There are, of course, the begrudgers. Madonna, we have been told recently by interviewer after interviewer, isn't as beautiful as you think she is. She is not even sexy. She wore a blanket for one encounter with the press, for goodness sake. She has gone grungy, her hair is a mess. She looks positively crusty. She has become a hippy. I have read all these things in the last few weeks. The sub-text to all this is that a successful women can never be truly happy, and worse - the most dreadful thing that can ever happen to a woman has happened to her - she has let herself go.

Well, yes, she has let herself go, but not in the way that the tabloid hyenas mean. Madonna is freer than she ever was and she looks amazing. Don't tell me that this is simply because she has been photographed by Mario Testino, the man who reputedly produces a post-coital glow in every woman he snaps. She looks fabulous because she is fabulous. Motherhood has not ruined her - if Testino's recent Vanity Fair pictures of her with her baby, Lourdes, are anything to go by, it may have even made her relax a little. The queen of the treadmill has taken up yoga. Maybe she is even becoming a little more flexible.

Madonna's embracing of the ethereal rather than material side of life has been rubbished, too. She has gone all cosmic because spirituality is the fashion accessory du jour. Yoga, the Kabbalah, hennaed Sanskrit symbols on her hands? Is it any different to her Eighties interest in corsetry? Is all this going with the New Age flow any deeper, any more meaningful than Edina Monsoon's chanting and crystal healing? What next - Liam Gallagher becomes a Quaker? Is she guilty of just doing that mid- life pop star trip, like every other superstar before her, of getting a religion, preferably an Eastern one, to stave off a mid-life crisis?

But for Madonna an interest in faith and mysticism is hardly new. She was formed entirely by her Catholicism and every move she made, every symbol she dangled in front of us was her way of publicly losing her religion. Long before she became an icon herself she understood the value of iconography, hardly surprising in one named after the blessed Virgin herself.

The charge, as always, is that she is not to be taken seriously, that she is a fake. If this is true then she has been faking it for so long that we wonder if even she can tell the difference any more, because there is no one on the planet who knows more about image and artifice than this woman. For all these years she has teased us with the prospect of showing us the real Madonna, of opening her heart as well as her legs to the world. While she shed one veil of femininity, she mysteriously draped herself in another.

Yet the more she revealed, the less we knew. The one thing that I was sure of after having seen the movie In Bed with Madonna was that she was more real performing on stage than when she was "being herself" off it. We saw just what she wanted us to see, and Warren Beatty's famous remark that she was not living if she was "off camera" stuck in our heads, because at the end of the day we knew that Ms Ciccone, control freak extraordinaire, had allowed that remark to be recorded on camera.

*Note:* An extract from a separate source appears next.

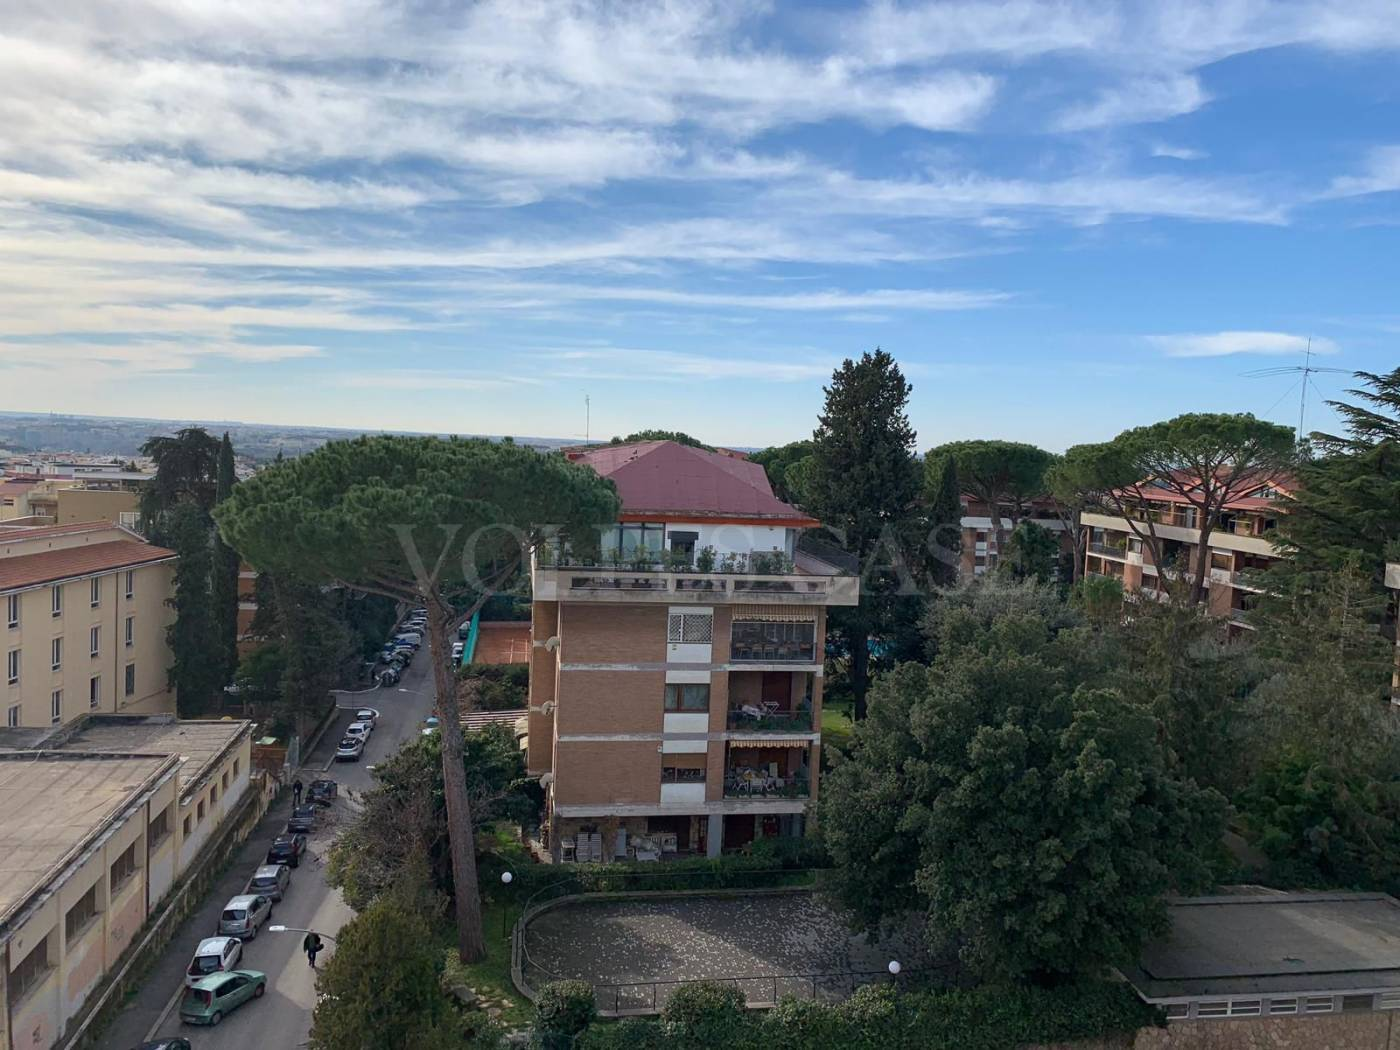 Attico ROMA vendita  Balduina  Volpes Case srl

It is this determination both to exploit and explore her own fame and its consequences that makes her so utterly compelling. The nature of fame is a subject that our artists and novelists still struggle with - the meaning of celebrity, the life examined and examined yet again. And here in the eye of the storm, the most famous woman in the world is doing it for herself: "I traded fame for love", is the first line of the new album. Ray of Light is a collection of songs about love and loneliness and the impossibility of making intimate connections when you are carrying around the baggage of mega-stardom. It is also about what it is to both lose a mother and to become a mother. Some critics may have described it as sixth-form poetry, but these lyrics were never meant to be poetry; they are pop songs alive with the great wash of mood and rhythm and life force that only music can bring. Madonna knows in her very soul that the dance floor is a magical place, not because she belongs to the chemical generation, but because she knows about the alchemy of sex, ambition and female desire that drove her there in the first place. "Only when you are dancing can you feel this free..."

It is this knowledge that is the source of her power, what makes her so irresistible to women and so unsettling for her detractors. When Madonna, a woman so obviously in control of her own destiny, spoke of desire, she did so aggressively in conical bras, in masturbatory dance sequences, in her flaunting of Latino lovers and joyous fag-haggery.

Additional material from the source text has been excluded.